The only way to speak of a cliché is with a cliché. So even the best writers against clichés are awkwardly placed. When Eric Partridge amassed his Dictionary of Cliches in 1940 (1978 saw its fifth edition), his introduction had no choice but to use the usual clichés for clichés. Yet what, as a metaphor, could be more hackneyed than hackneyed, more outworn than outworn, more tattered than tattered? Is there any point left to—or in or on—saying of a cliché that its ‘original point has been blunted’? Hasn’t this too become blunted? A cliché is ‘a phrase “on tap” as it were’—but, as it is, is Patridge’s ‘as it were’ anything more than a cool pretence that when, for his purposes, he uses the cliché on tap it’s oh so different from the usual bad habit of having those two words on tap? His indictment of ‘fly-blown phrases’ has no buzz of insect wings, no weight of carrion.

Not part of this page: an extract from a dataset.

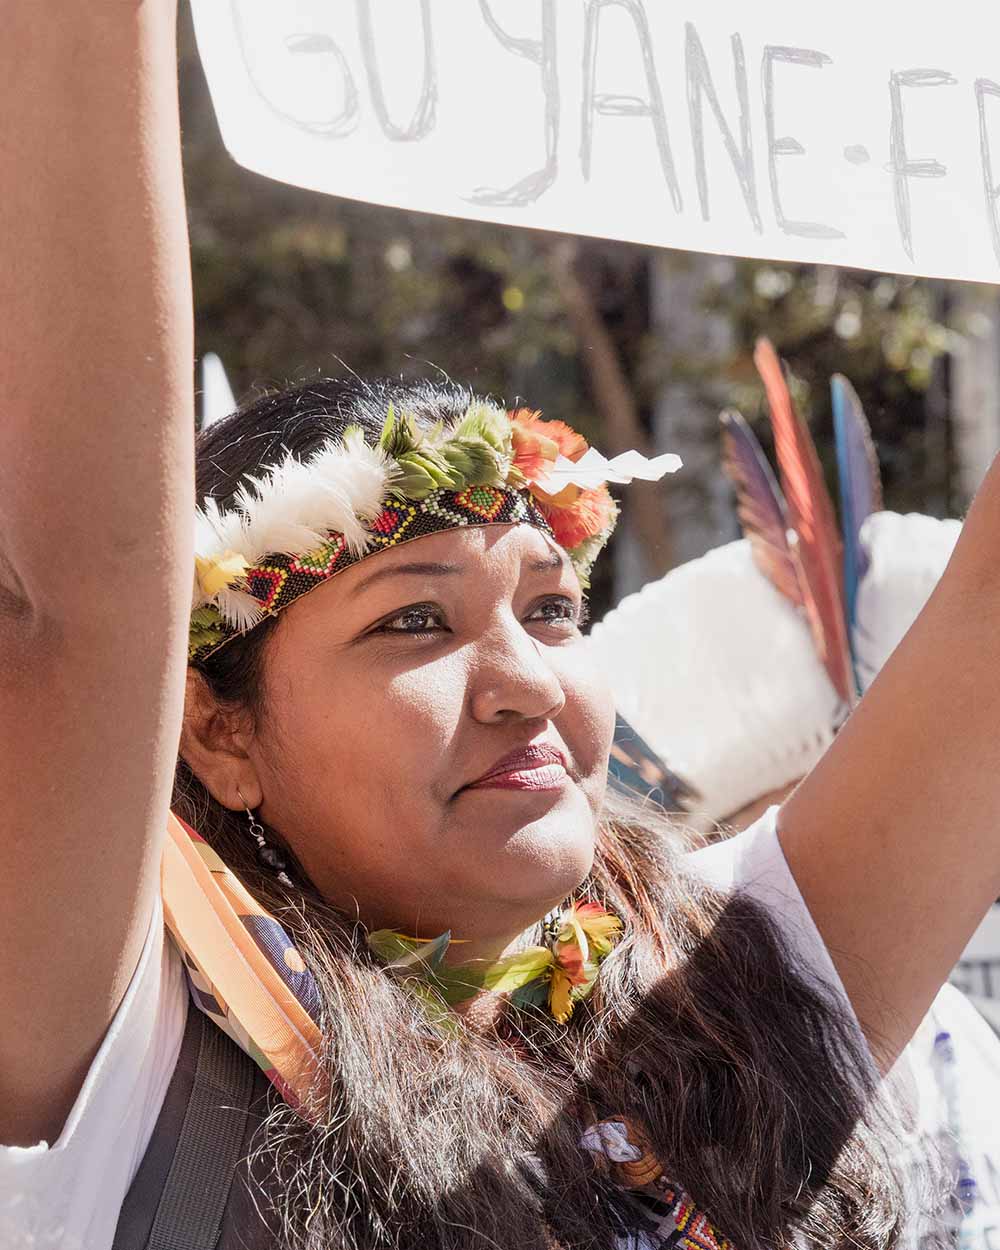 An Indigenous woman with long black hair and a white t-shirt wearing a feather headdress holding a sign at a protest.
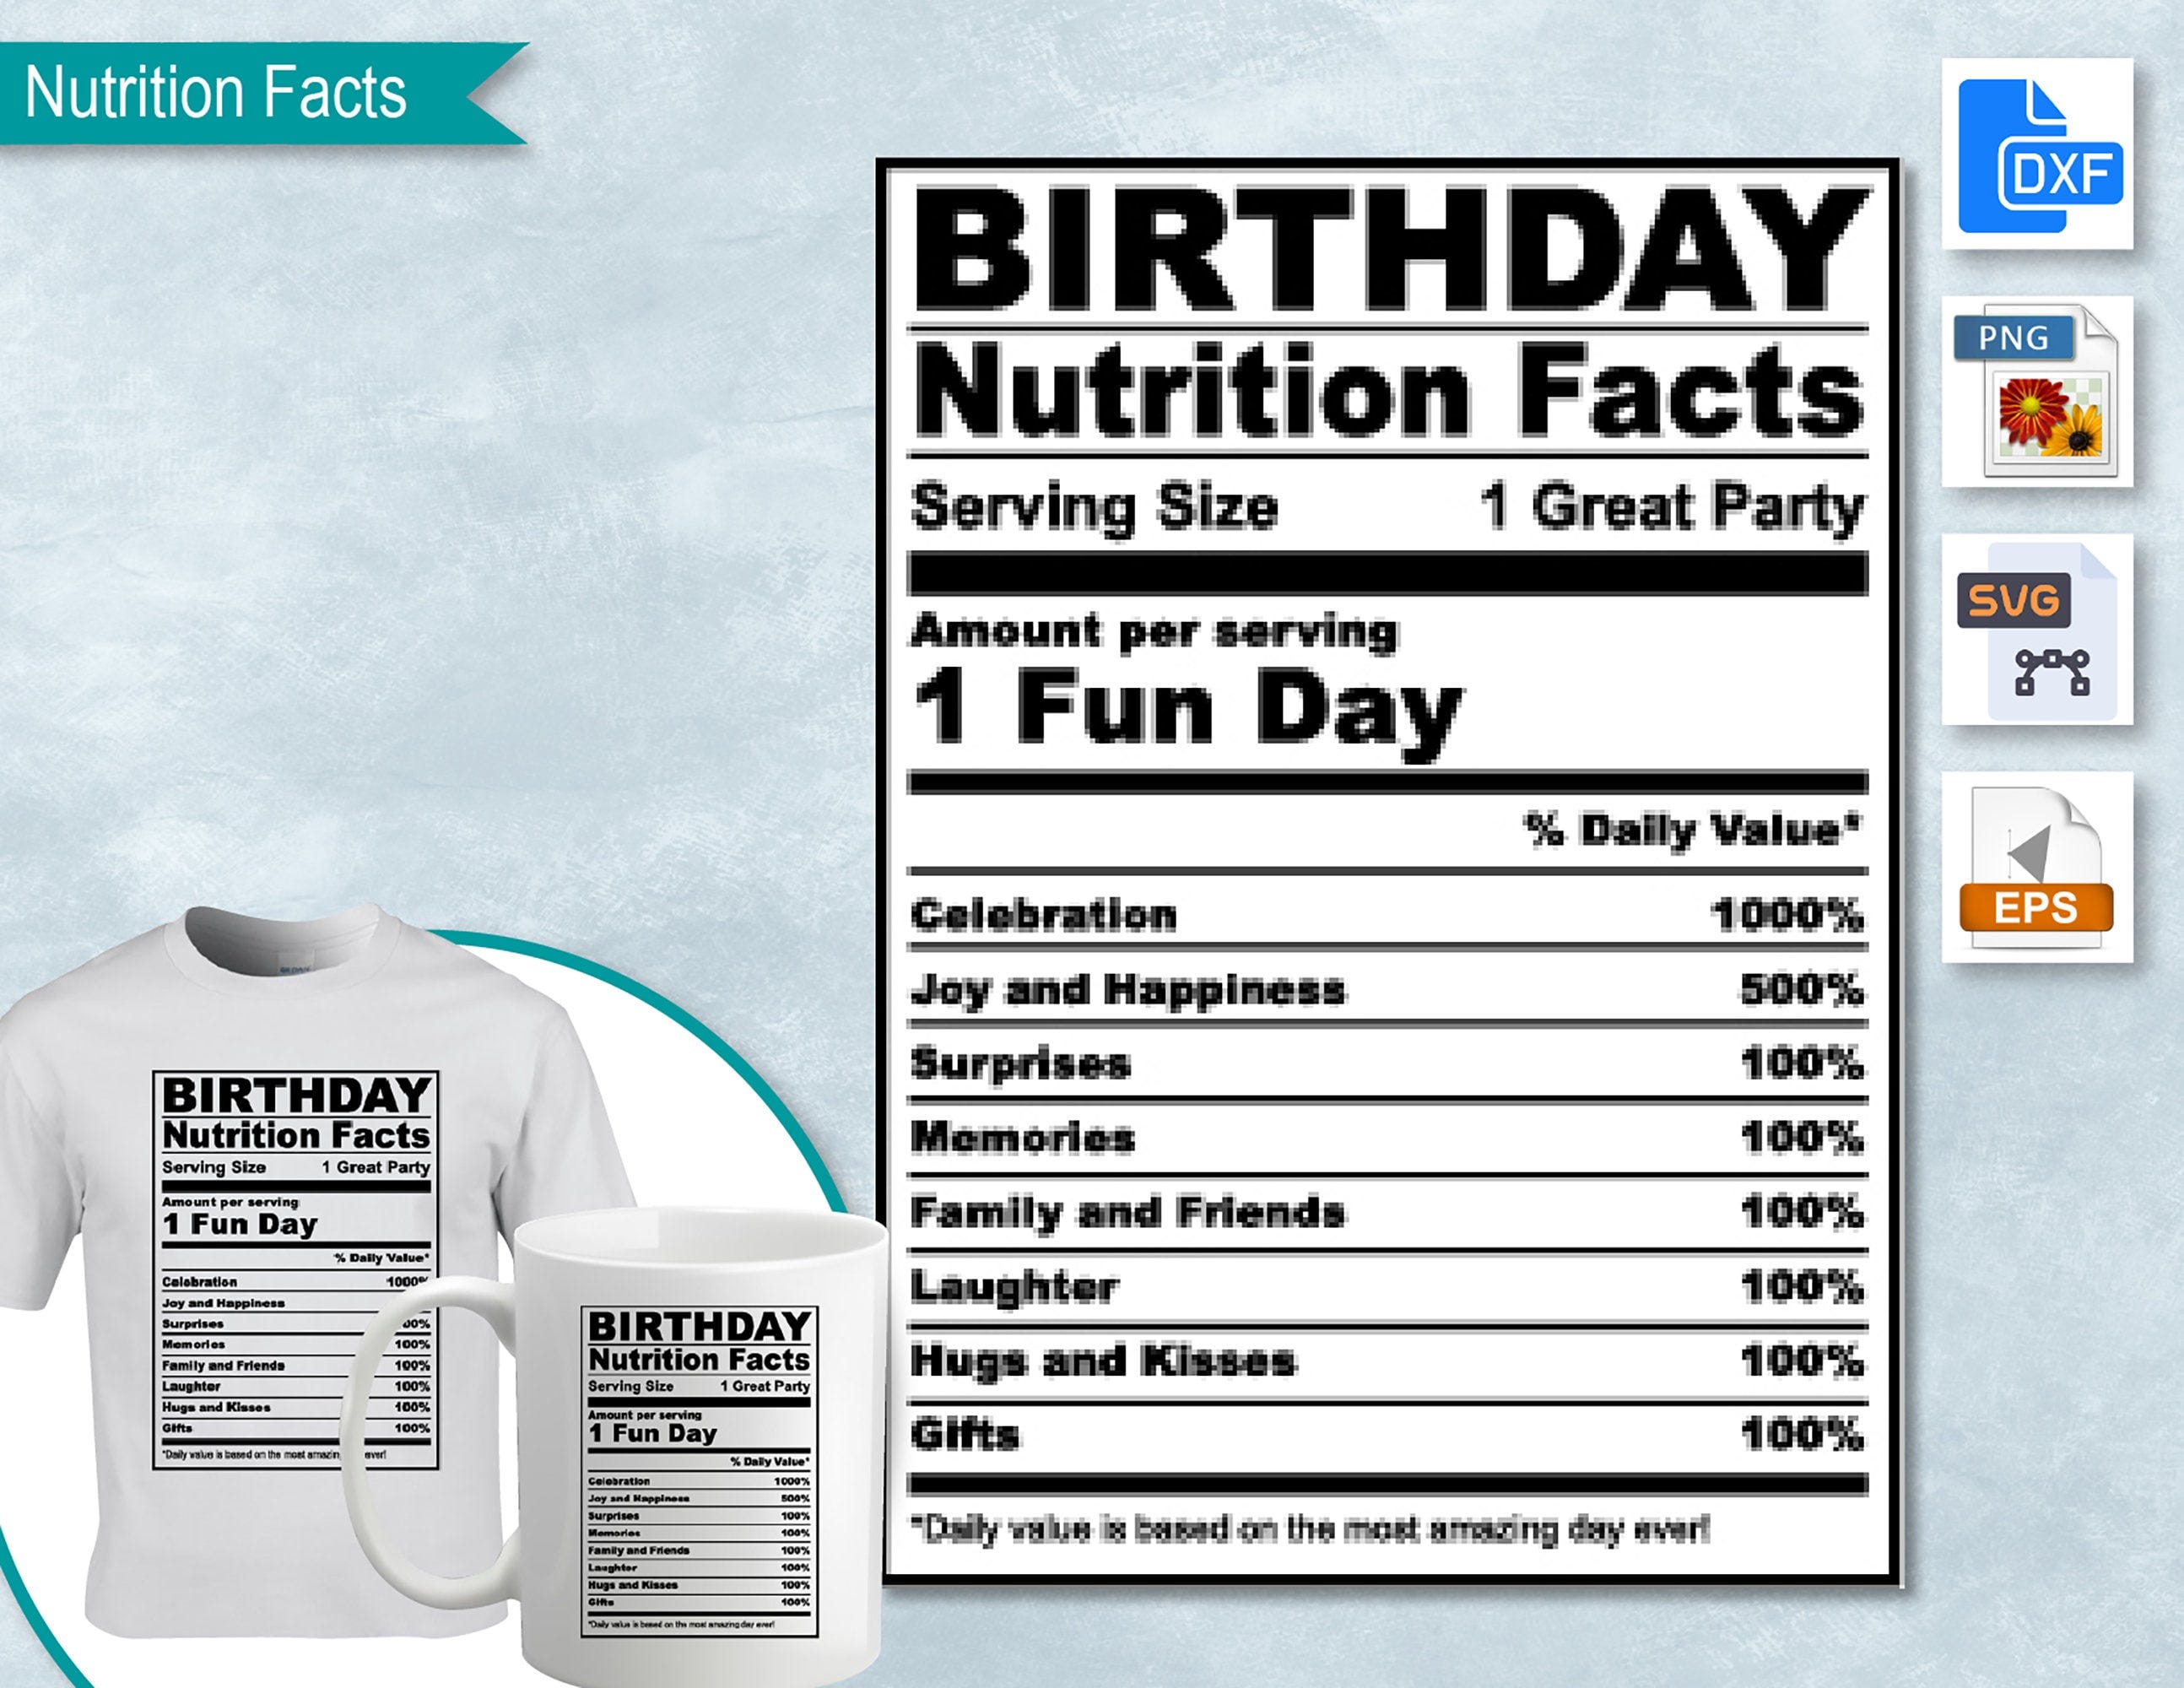 Birthday Nutrition Facts, SVG Nutritional Fact Label Sublimation Template, Printable, DIY, Eps, PNG, SvG, DxF, Cricut, Silhouette

Even George Orwell (whom William Empson, with an audacious compacting of clichés, called the eagle eye with the flat feet)—even Orwell had to use the cliché-cliches (hackneyed, outworn), and could say, ‘There is a long list of fly-blown metaphors which could similarly be got rid of if enough people would interest themselves in the job,’ without apparently being interested himself in whether fly-blown wasn’t itself one of those very metaphors which could be got rid of. That was in 1946, in his famous piece ‘Politics and the English language.’